The Conversation Starts With You
Every week, 800 million people open ChatGPT alone. Millions more use Gemini, Claude, Copilot, Meta AI, and Grok. The vast majority of those people believe their conversations are private. They are wrong. Every major AI company trains on your words by default. Human employees at multiple companies read transcripts of your conversations. Your data is retained for periods ranging from 30 days to five years to forever. No legal privilege protects a single sentence. Federal courts have ruled that you have diminished privacy interests in what you type into a chatbot. Law enforcement requests for chatbot data doubled in the second half of 2025. And the opt out systems these companies offer are deliberately confusing, incomplete, and in Meta's case, functionally nonexistent for Americans.
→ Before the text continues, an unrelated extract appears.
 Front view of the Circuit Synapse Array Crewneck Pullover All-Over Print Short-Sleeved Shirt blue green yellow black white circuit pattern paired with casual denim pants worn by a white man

This is not a technology problem. This is a rights problem. The same country that enshrines your right to remain silent in a police interrogation offers you zero protection when you confide in a chatbot that reaches deeper into your life than any interrogation ever could.
Go change your settings today. On every platform. Right now. Talk to your kids about what they are sharing with chatbots, because the FTC's investigation confirmed that children are having the most dangerous conversations on these platforms. Use temporary chat modes when you need to ask something sensitive. Stop pasting documents, medical information, financial details, and legal questions into AI systems that will store your words, train on them, and hand them over when asked.
And then do something bigger. Demand a federal privacy law. Tell your representatives in Congress that Americans deserve the same protections Europeans already have. Tell them that the two tier system, where corporations buy privacy and ordinary citizens get none, is unacceptable in a democracy. Tell them about Sewell Setzer. Tell them about the 1.2 million people a week who discuss suicide with ChatGPT. Tell them that you know what happens to the things you tell the machine, and you are done accepting it.
Your privacy is not a feature request. Your privacy is a right. Start acting like it.